Have a look at the following tables:
create table ggen select 1 as n union select 2 union select 3 union select 4 union select 5 union select 6 union select 7 union select 8 union select 9 union select 10; create table g1tst select floor(rand()*10) + 1 as gtype, adddate('2010-01-01', interval rand()*360 day) as gdate, (rand()*1000000/100) as gsum from ggen a,ggen b,ggen c,ggen d,ggen e;
Which indexes will help with the performance of the following query?

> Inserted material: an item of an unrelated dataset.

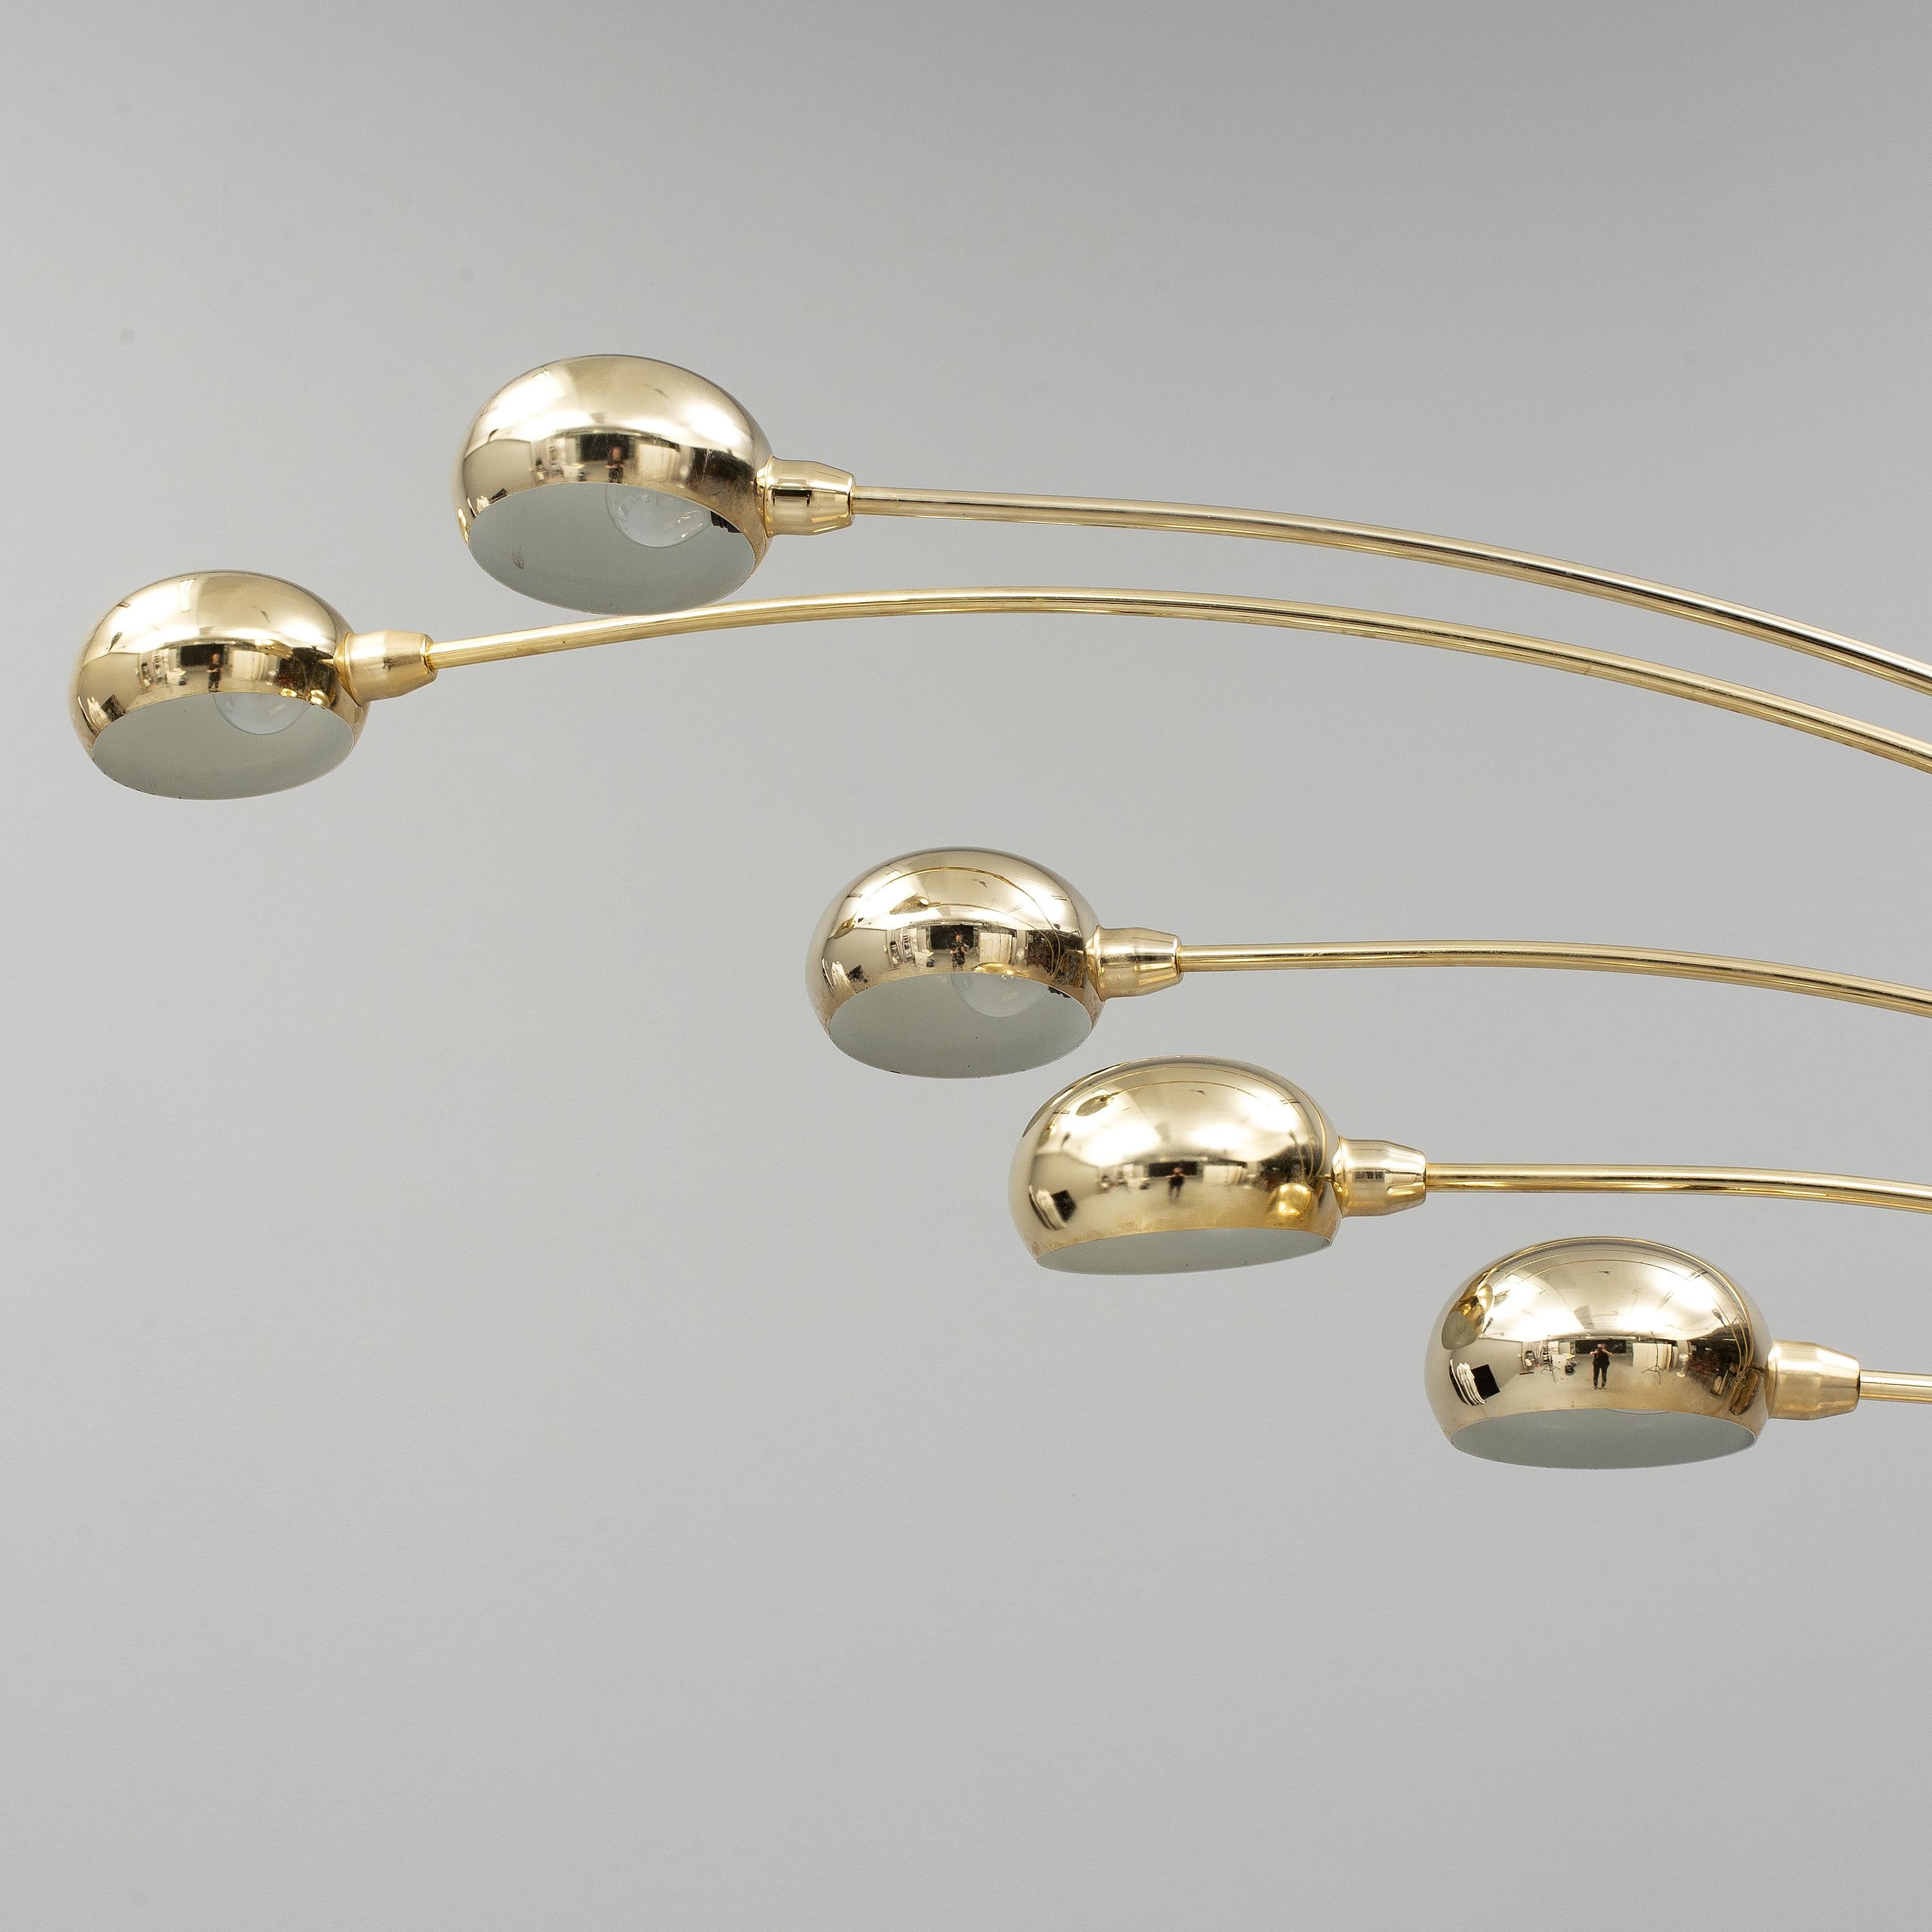 Five arms brass and marble floor lamp from Ateljé Lyktan, made in Sweden in 20th century.

(Find all correct answers)
select count(*) from g1tst v1,g1tst v2 where v1.gdate=v2.gdate and v1.gtype=1 and v2.gtype=2; +----------+ | count(*) | +----------+ | 278397 | +----------+ 1 row in set (34.37 sec) a) alter table g1tst add index (gdate,gtype); b) alter table g1tst add index (gtype,gdate); c) alter table g1tst add index (gtype); d) alter table g1tst add index (gsum); e) alter table g1tst add index (gdate);
[ Basic Optimizations (10%) - Using Indexes for Optimization ]
a b e
a and b decrease execution time drastically with b being the fastest.
e helps (a bit) but the amount of accessed rows is still huge.
d has no effect.
The selectivity of c is very low with 10 different values – the optimizer will use it, but it actually doesn’t help.
Try to create each index and explain the query!